Вальдемар частенько рассказывал о друге по имени Ганс Шмидт. Когда Вальдемар только перебрался в Берлин, то устроился работать в кабак, где Ганс был главным барменом. До этого Ганс работал инструктором по физподготовке в Рейхсвере; он же научил Вальдемара не только обслуживать клиентов, но и приемам бокса и борьбы. Вальдемар с благоговением говорил о его мускулах и со сдержанным восхищением о сексуальных пристрастиях. Похоже, в дни службы Ганс давал частные уроки особо симпатичным солдатикам и самых неуклюжих порол стеком. Не сильно, правда, да и то лишь когда виновники признавали, что заслуживают наказания, и даже молили о нем. Послушать Вальдемара, так у Ганса от мальчиков для порки отбоя не было, и к ней вообще легко пристраститься.
Представляешь, Кристоф! восклицал Вальдемар. Вот ведь свинья, извращенец!
Впрочем, говоря это, он не мог скрыть блеска в глазах, и у меня зародилось подозрение, что сам он тоже хотя бы разок да опробовал на себе стек Ганса. И вообще, Ганс, видимо, был и оставался для него героем.
Ганс к тому времени уже покинул Германию. Он спешно уехал из Берлина видно, из-за какого-то скандала и время от времени присылал открытки: сперва из Марокко, потом из Италии и Египта. На открытках был только адрес, несколько слов и ничего о том, как Ганс живет. Вальдемар прилежно отвечал на его письма. Мне кажется, больше никому он писем не писал. И в самом деле, кроме Ганса, близких, семьи у него не было.

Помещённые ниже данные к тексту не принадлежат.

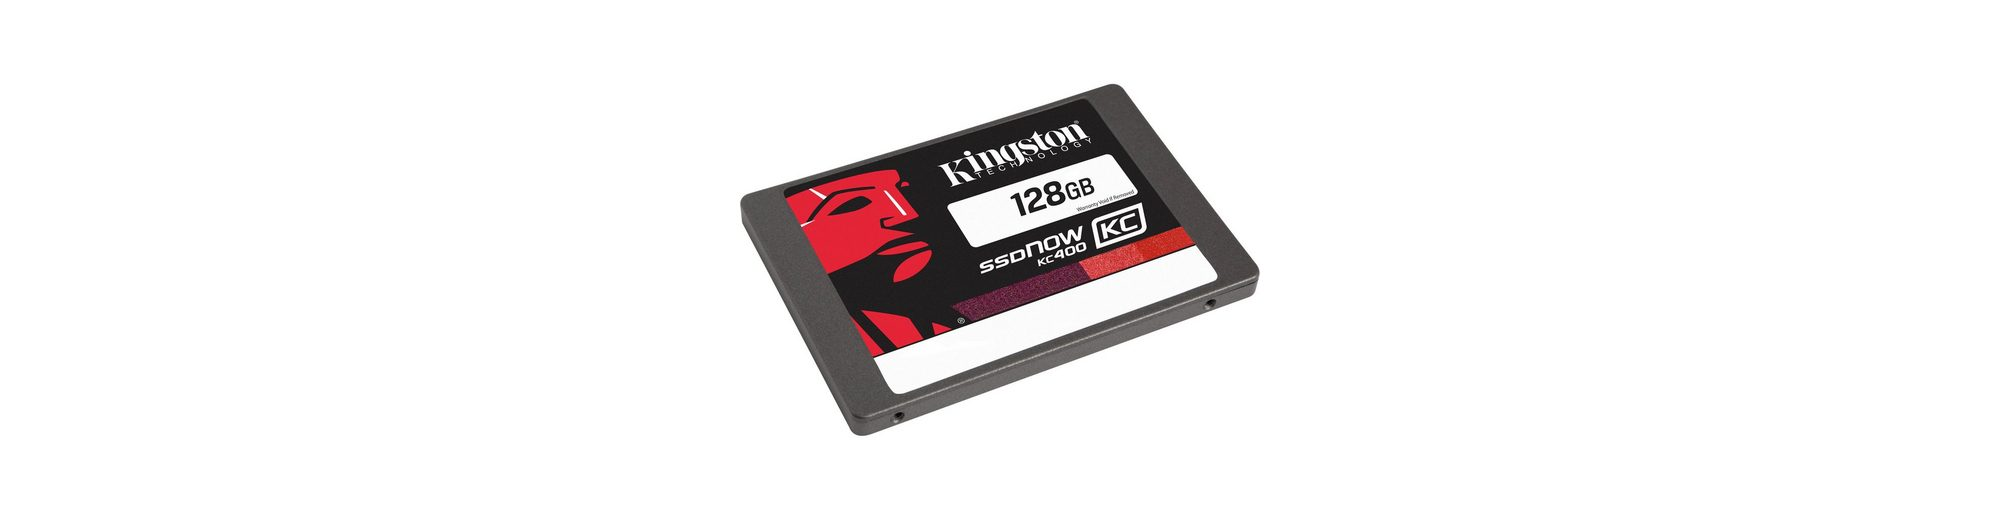 Kingston Solid State Drive »SKC400S3B7A/128G 128 GB Upgrade Bundle Kit«

Однако пару недель назад от Ганса пришло полноценное, длинное письмо первая весточка за много месяцев. Он писал из Афин, дескать, все это время путешествовал в компании «безумного англичанина», который если переводить его сленг буквально просто «сказочно богат». «Я при нем телохранитель, объяснял Ганс. Ума не приложу, как он выживал, пока мы не встретились! Ему раз сто могли перерезать глотку. Славный малый и притом совершенно безумный. Видел бы ты, как он пьет! Сейчас ему вздумалось купить остров неподалеку. В голове у него сумасбродные планы: построить дом, настоящий дворец с мраморными полами! Скоро мы отправимся на этот остров и разобьем там лагерь, пока не закончится стройка. Я ему говорю: Амброз! Что ты знаешь об этом острове? Вдруг там полно змей? Ты разве не боишься? Представь, что он мне отвечает: Если тебя укусит змея, то тут все просто: надо выпить бутылку коньяка. Только всю, залпом! Видишь, какой он диковинный. Нам предстоит жить на этом острове дикарями-индейцами, питаться осьминогами и пить местное вино, которое на вкус как антисептик. В Германии такими драили бы ватерклозеты. Ну, ладно хоть уберемся из города. В городе от Амброза сплошные беды».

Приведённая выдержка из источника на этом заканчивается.